И на такой оптимистической ноте поспешу привести мою историю к ее счастливому завершению.

Несколько дней спустя мы с Маккабби прибыли в Брюнетку-Даунс. Он перегрузил бусы на несколько «лэнд-роверов» и вернулся на Север. Нисколько не сомневаюсь, что с тех пор он стал крезом-миллиардером, застолбив рынок скальпов динго. Мне удалось нанять другого шофера, и вдвоем мы вернули арендованные грузовики в Сидней.

К тому времени когда я попал в город, у меня не было ни гроша, и выглядел я живописным, если не сказать, отвратительным нищим. Я сразу поспешил в клуб Англоговорящего союза на поиски Прим-Профи ЕпТиха Шэгнасти. Намерением моим было подать прошение о временном месте в сиднейской церкви и выпросить небольшую сумму аванса в счет жалованья. Но едва я нашел епископа Шэгнасти, как стало ясно, что в настроении он отнюдь не благостном.

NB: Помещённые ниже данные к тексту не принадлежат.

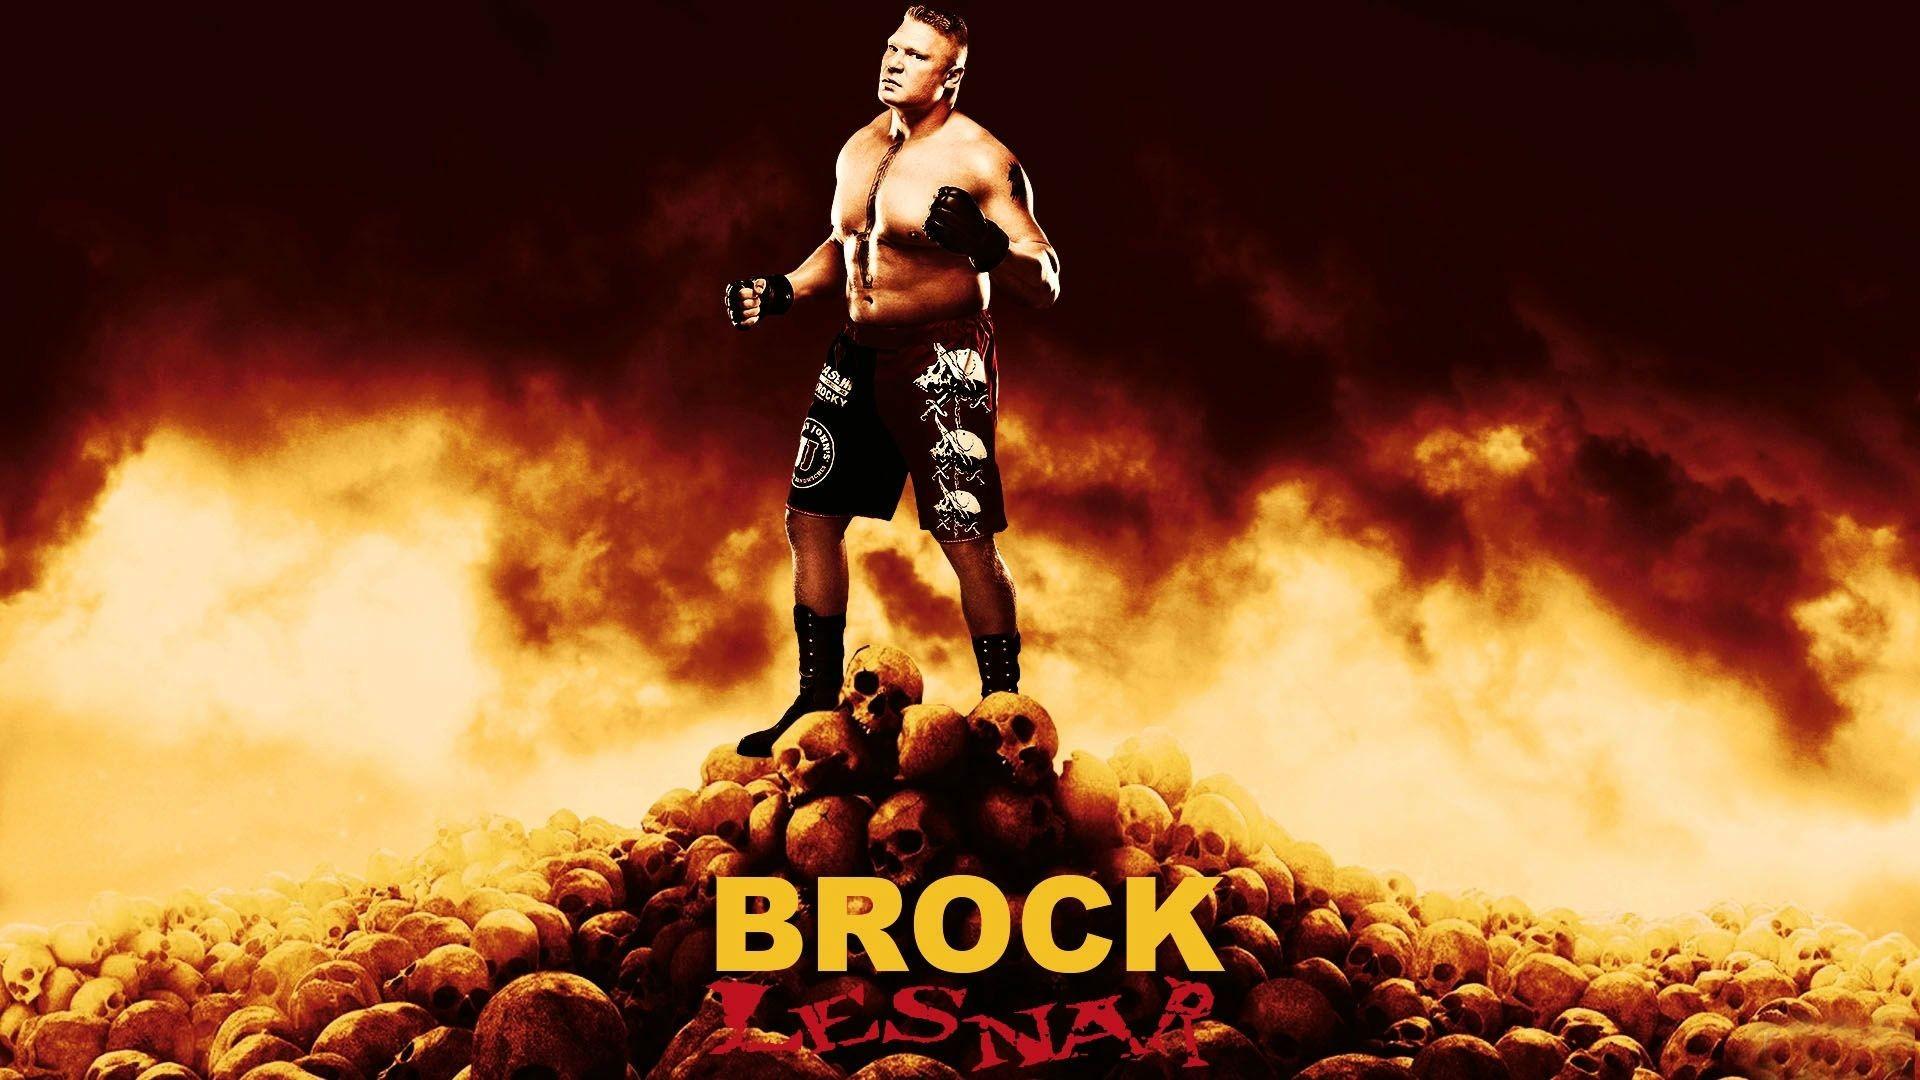 Brock Lesnar Pictures

– Я все получаю чертовы письма, – капризно сказал он, – от портовых властей Сиднея. Там какой-то груз на ваше имя. А я не могу за него расписаться, не могу даже выяснить, что это такое, а мне шлют и шлют заоблачные счета за его хранение.

Я сказал, что пребываю в таких же, как он, потемках, но епископ меня прервал:

– И не советую вам тут ошибаться, Моби. В любую минуту может войти заместитель проектора Мэшворм, а он шкуру с вас спустит. Он уже спустил добрую долю моей.

– И моей тоже, – не мог не пробормотать я.

– Ему тоже поступают письма. От комиссара по Северным территориям с запросами, почему, черт возьми, вас допустили разлагать туземцев. Похоже, целое племя, как саранча, обрушилось на Дарвин, омерзительно напилось и снесло половину города, прежде чем их удалось собрать в загон. Когда они достаточно протрезвели для допроса, то сказали, что деньгами на попойку их снабдил новенький парень из Братства буша. Описание безошибочно к вам подходит.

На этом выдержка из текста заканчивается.